Data extract:
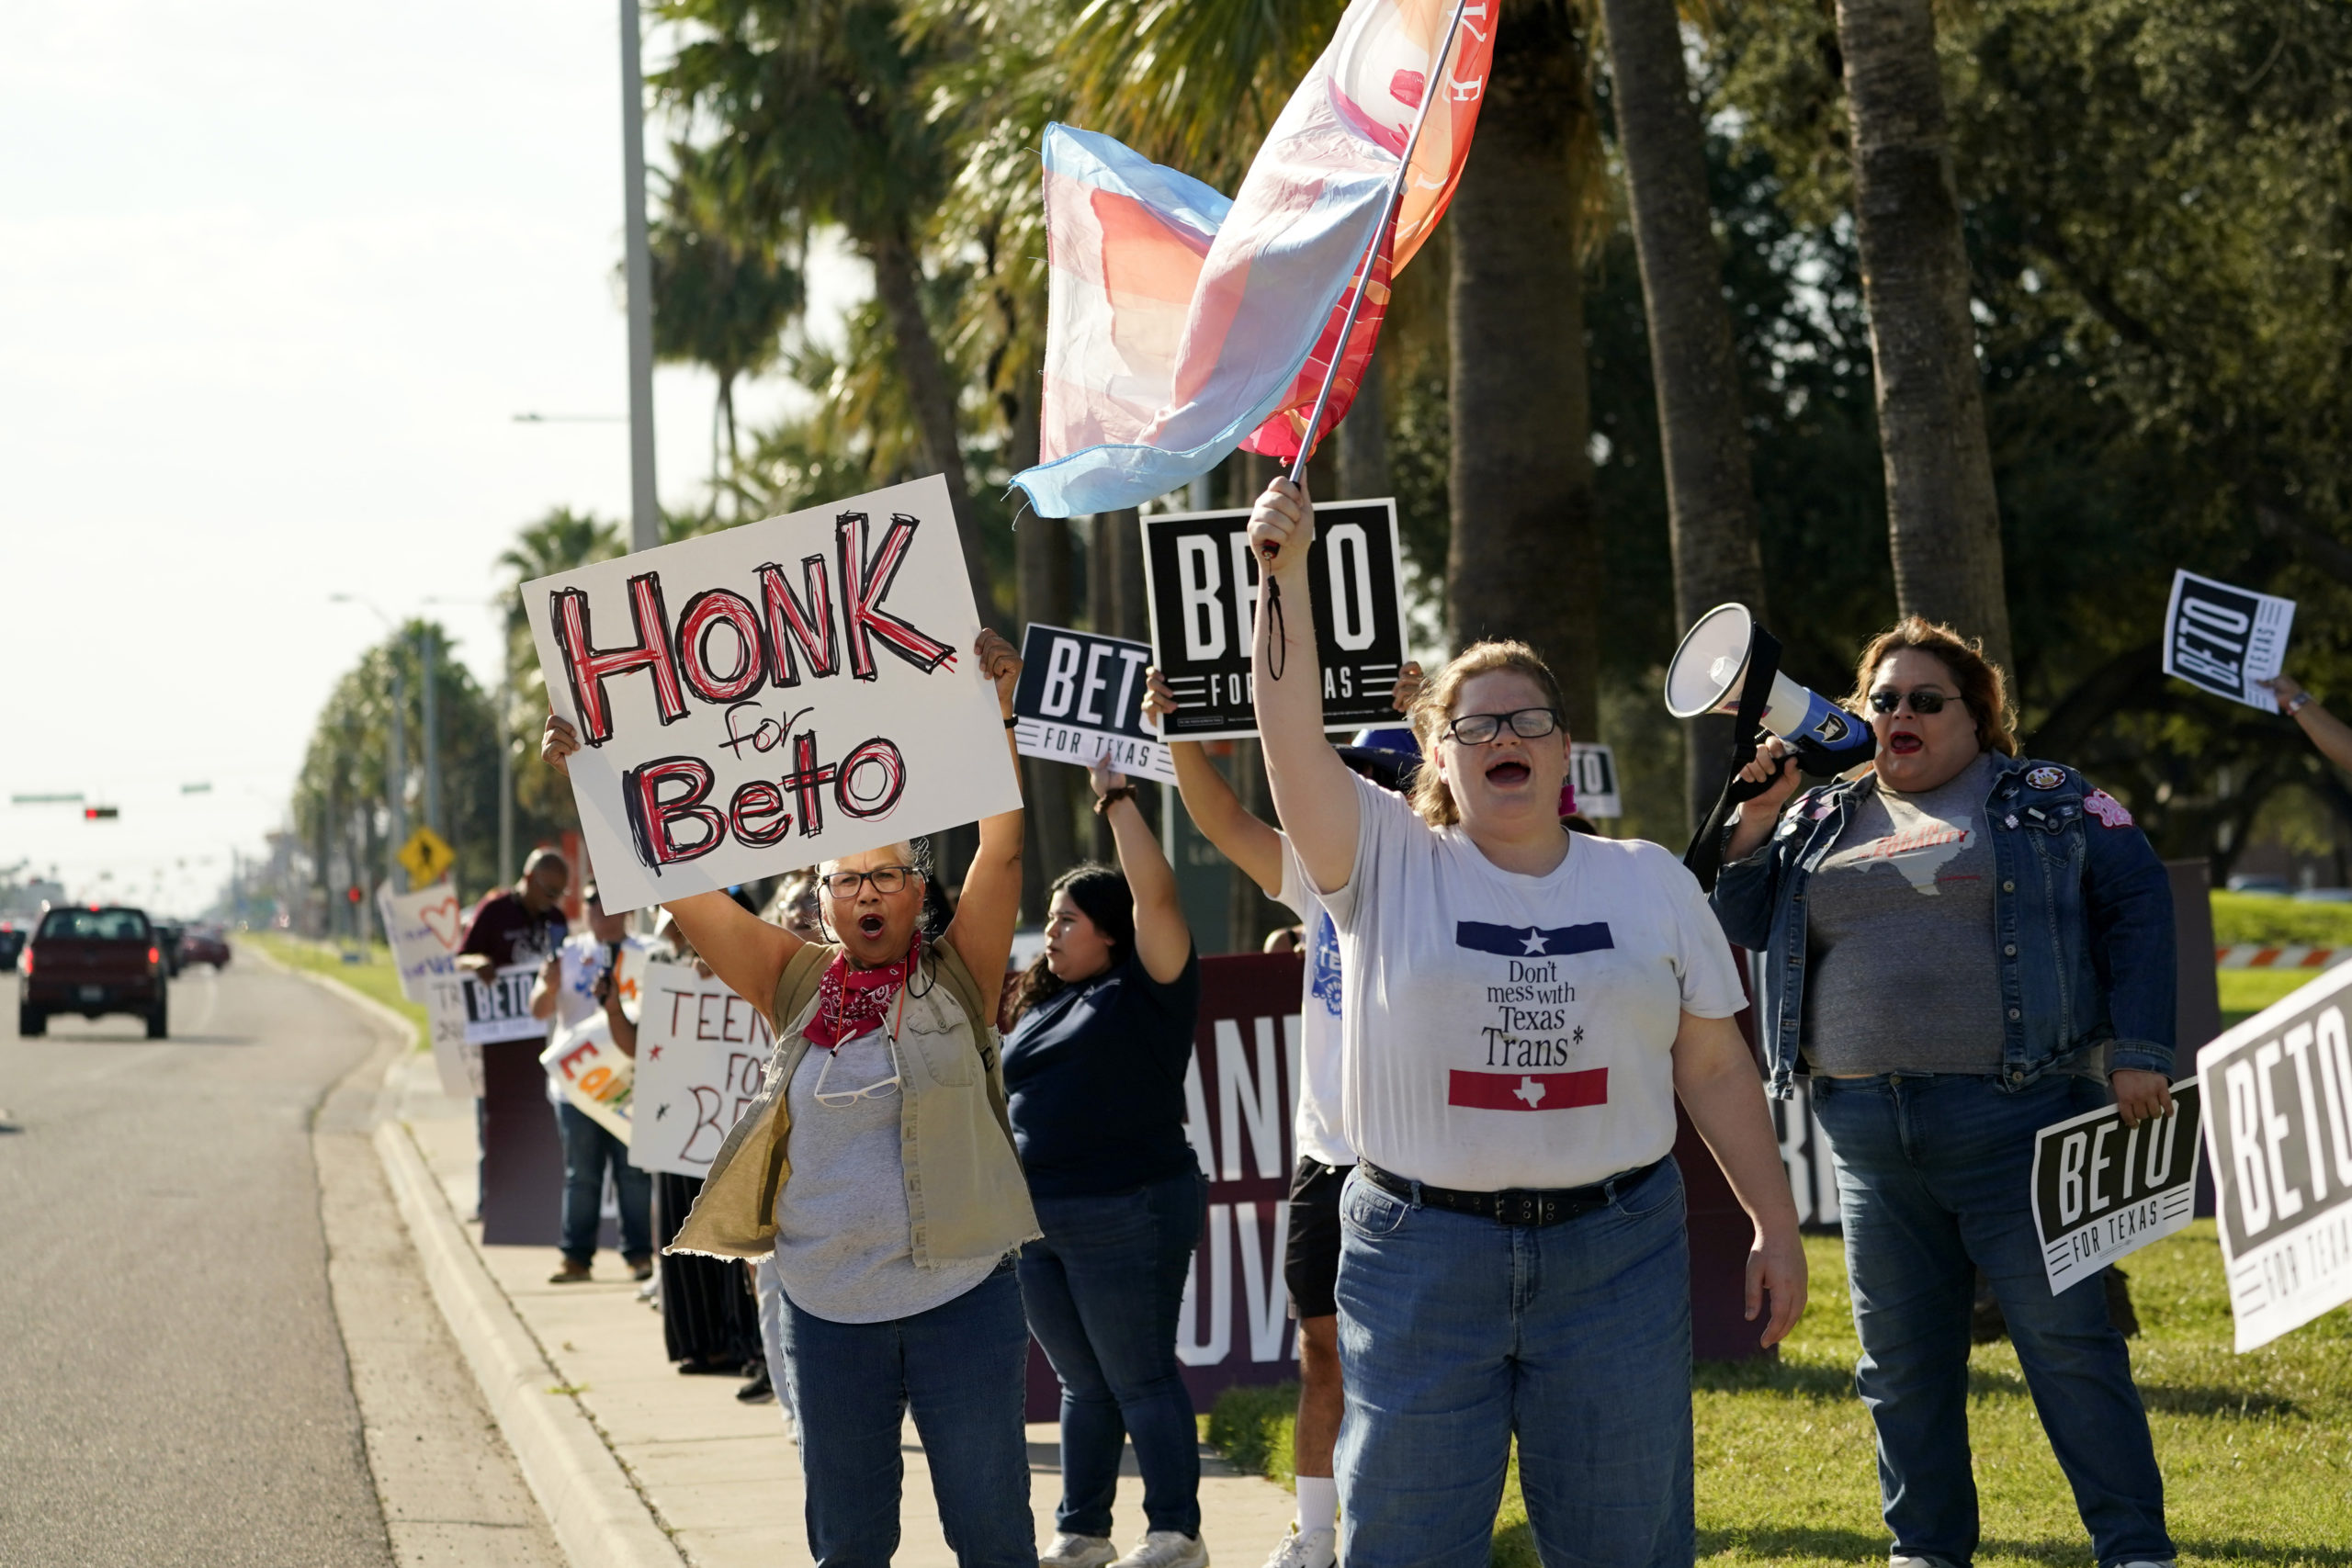 Beto supporters wave signs, flags and hold a banner by the side of a road, while another uses a bullhorn.
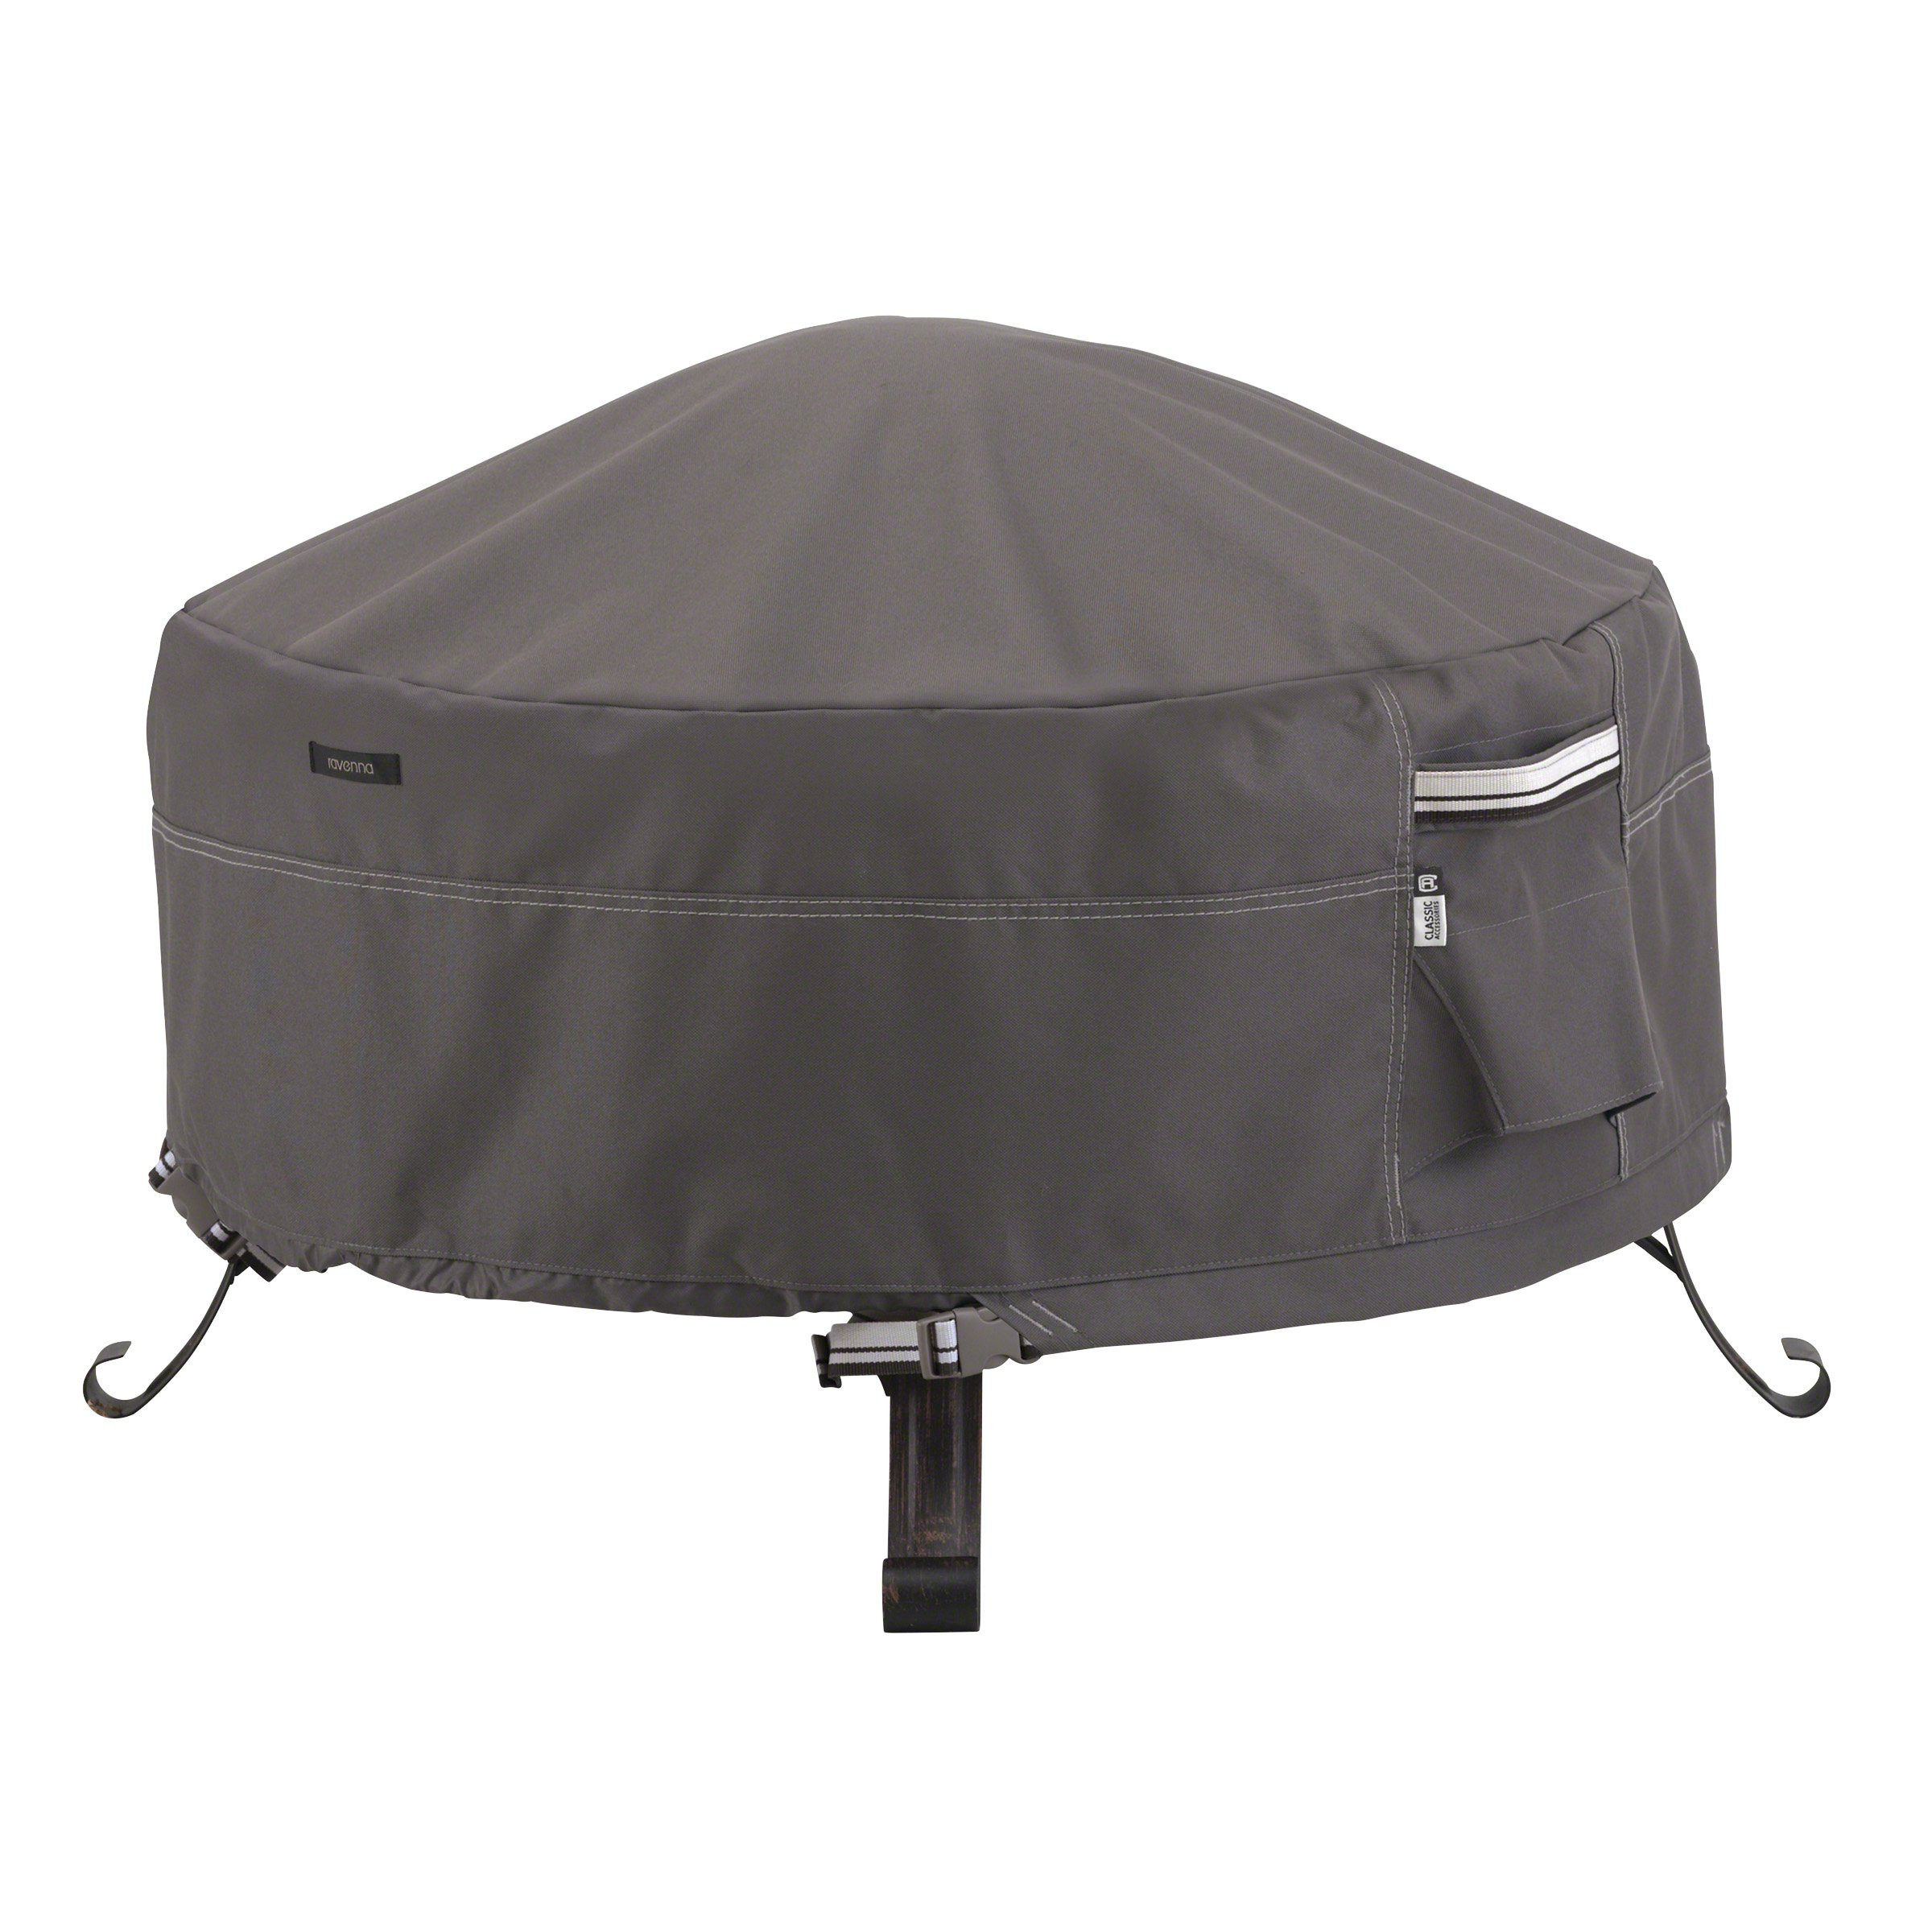 Round Firepit Cover
 Best Rated in Fire Pit Covers & Helpful Customer Reviews

How to complete this task: Starting with the line that holds "Round Firepit Cover", retype each line through the last one in the listing above, exactly as written. Do not copy any pictures.

Exercise result:
 Round Firepit Cover
 Best Rated in Fire Pit Covers & Helpful Customer Reviews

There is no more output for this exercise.